Мы прошли ещё с полчаса и оказались в просторной постройке. Двери отъехали под взмахом руки моего супруга.
Просторная комната со столиком. Вещи, стены и подставки лакированные, увешанные свитками с каллиграфией, разбросанные картины, ширмы с большими полотнами военных и морских сражений. Ну, в стиле китайских картин. Горы причудливые с редкими храмами и соснами скрюченными. Но сосны – это вообще страсть восточная, давняя.
Конара прошёл мимо подставок многочисленных с оружием. И я, сжавшись, робко проследовала за ним.
Прошёл… в спальню. Небрежно сбросил перед охреневшей мной императорское одеяние, у порога прямо. Стал распускать пояс светло-сиреневого одеяния. Эй, он же не думает меня изнасиловать прямо сейчас, днём и на сей раз без дурмана?..
А он между тем отбросил пояс, снял светло-сиреневые одежды. Под ними были белые ханьфу до колен, без вышивки, он откинул и их, простой уже пояс. Остался в одних лишь сиреневых штанах. Задумчиво прорези окровавленные рассмотрел. Штанину, ставшую алой от крови на левом бедре. Два пореза на правой руке и рана, едва затянувшаяся, на спине, его как будто совсем не занимали. Ссадины и синяки багровеющие, многочисленные для него как будто не существовали вообще. Потянул завязку и этих штанов…
Блин, его час или два назад едва не казнили, а ему уже припёрло постельных утех? С той, про которую говорил, что ненавидит?! Или… у этого поцелуя, которым он меня исцелил, был и второй, побочный эффект?..
Я сглотнула, смотря, как статный мужчина снимает штаны… верхние. Но тянется и к завязкам нижних белых…
- Что… красивый?.. – ухмыльнулся он, не оборачиваясь.
Волосы, слегка вьющиеся, почти из пучка на голове выпали, струятся ниже пояса, заколка серебренная набекрень, как будто змея мутно-белым шаром сейчас подавится или будет раздавлена, к которому пасть распахнула, тело всё истерзано – видно пленение его стражам далось нелегко, возможно, обойдётся несколькими десятками свежих могил для менее бессмертных людей и иных существ – и всё тот же гонор, который, кажется, самого Конару переживёт.

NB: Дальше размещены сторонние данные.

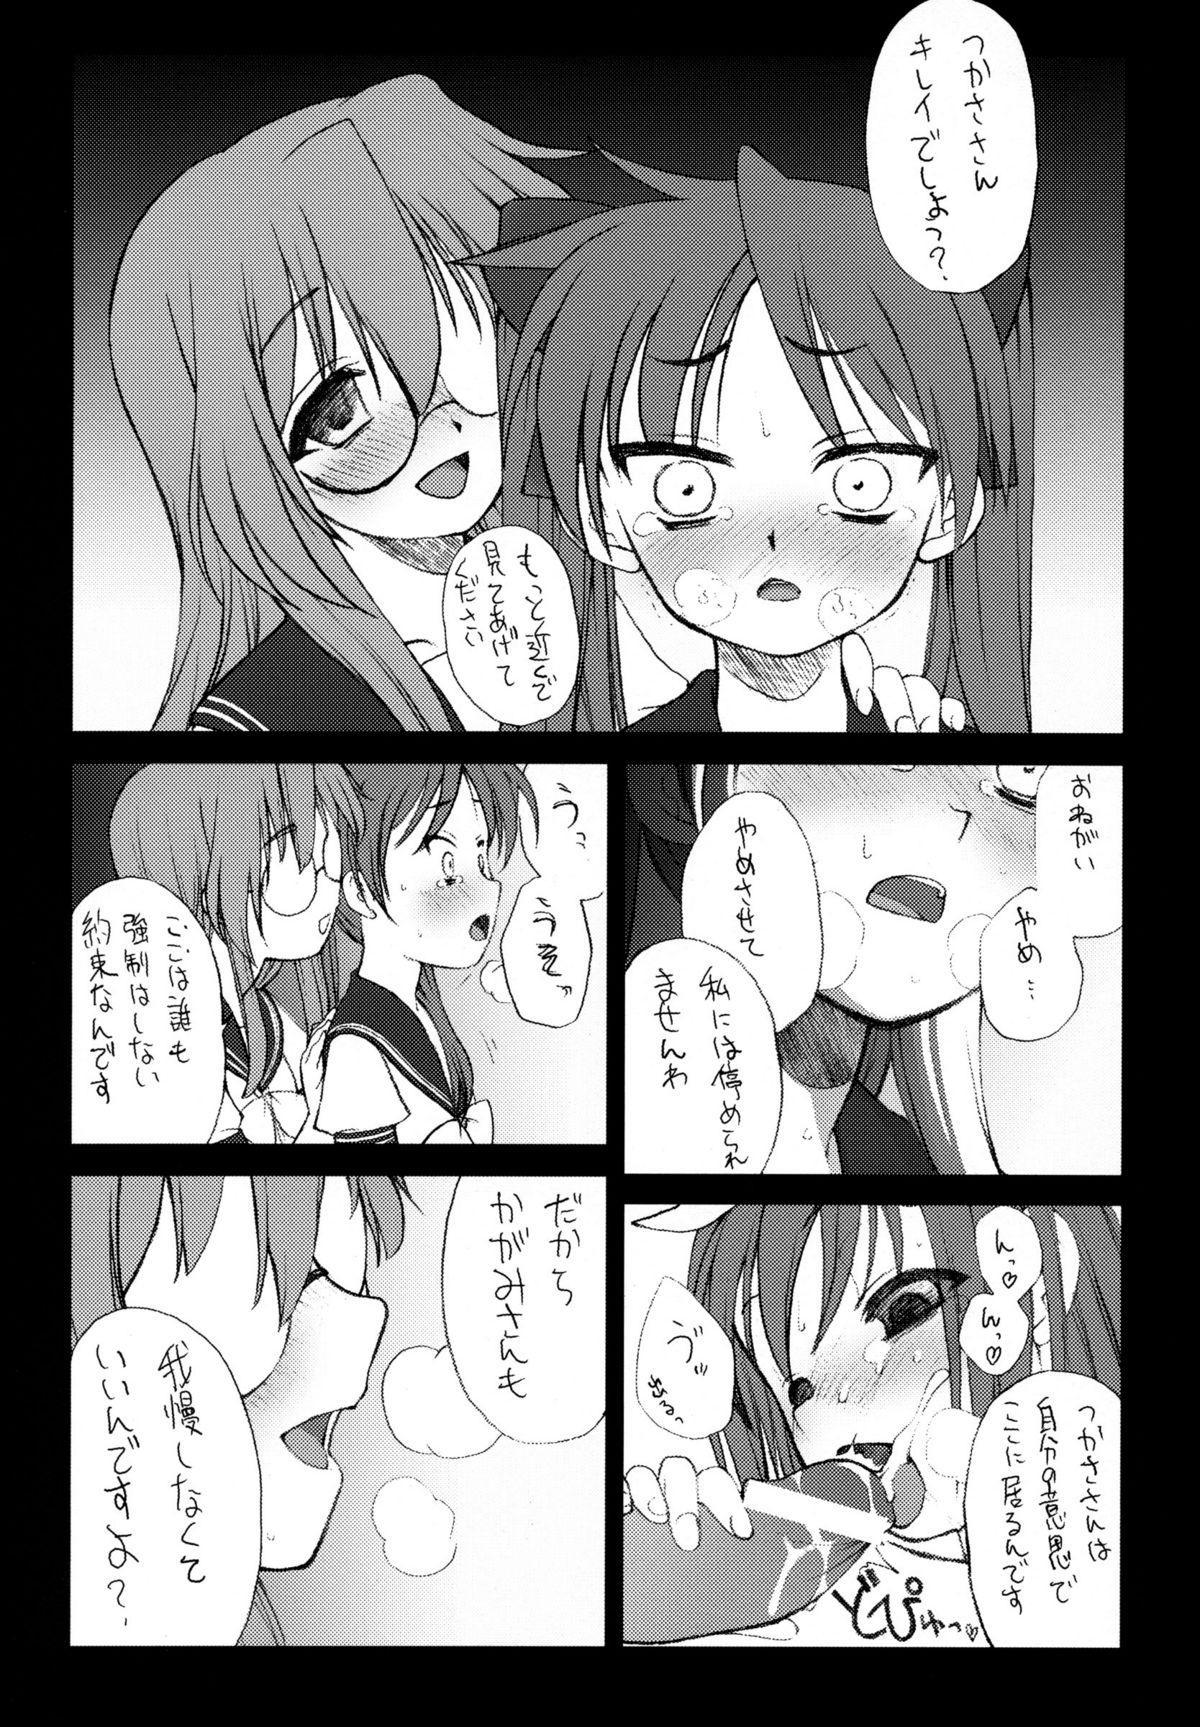 JEWELBOX DECADENT-GRAY Kyuukyousha no Toilet Kagami Tsukasa no Ecchi na Hon 12
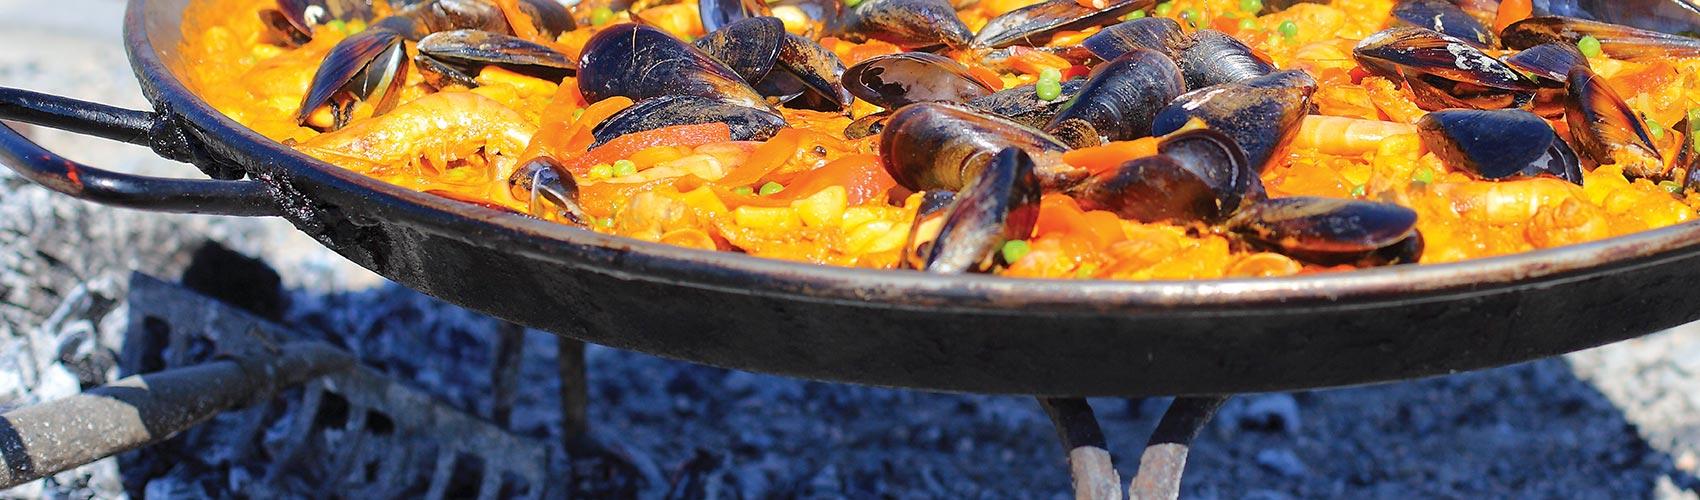 Marbella Gastronomy

Пальцы тонкие опять завязки штанов потянули, вытаскивая петлю из сложного узла…
Я знала, что он меня побьёт, но попыталась переключить его на другую сильную эмоцию:
- Кстати, а почему в вашей семье все так ненавидят Юухи?..
Отбросив завязки последних штанов, мужчина резко обернулся ко мне.
Робко отступила.
Он ступил ко мне.
Отступила ещё. Налетела на картину-ширму большую, эпичного морского сражения, навернулась поверх неё. Конара поморщился. Кажется, картина была у него из любимых.
Робко попыталась с неё сползти, но послышался треск рвущейся бумаги.
Конара присел у испорченной картины на одно колено, упираясь левой рукой в пол, а правой цапнул меня за пояс и рванул к себе. Глаза, смотревшие сверху вниз, стали расплавленными серебряными омутами. Нет!!!
После смерти не считается. Книга 2
Я вхожу в этот дом – этот дом мой или не мой?!
Я вхожу в этот снег – он холодный или я не знал совсем какой он?
Сон о прошлой жизни – это мой стон, рык мой, вой мой!!!
Я не сразу понял, что это мой дом, где я был до этого!
И я не сразу понял, что это мой враг,
Который самым близким был до этого?!
И я не сразу понял, что сон наяву – это наша новая встреча для этого… овраг…
Овраг моих мыслей от этого, в душе моей боль отныне и давеча… мгла того…
Я стою на краю у пропасти сомнений моих.
Я боюсь, что я упаду снова от прикосновения руки этой…
Слишком много печали в душе, но сомн слов и мыслей твоих…
Я проклинал тебя давно или за встречу благодарен беде за это?..
Нету уже огня злобы твоих глаз, когда ты смотришь на меня…
В темноте я стою, но ты яркая-яркая… яркая!..
Твоя луна в моей ночи, соня уснувшая на миг возле меня,
Возле врага меня вспыхнула и осветила всё… луна яркая-яркая!..
Я вхожу в новый дом и вижу тебя, но почему-то чужой будто тебе?..
Мне непривычно чужим, знаешь, быть для тебя, луна моя, звезда моя!..
Как будто затмение солнца на сплошной мгле в опустевшем души небе!..
Я хочу избить тебя! Я хочу убить тебя, волка души моей раскормить!!!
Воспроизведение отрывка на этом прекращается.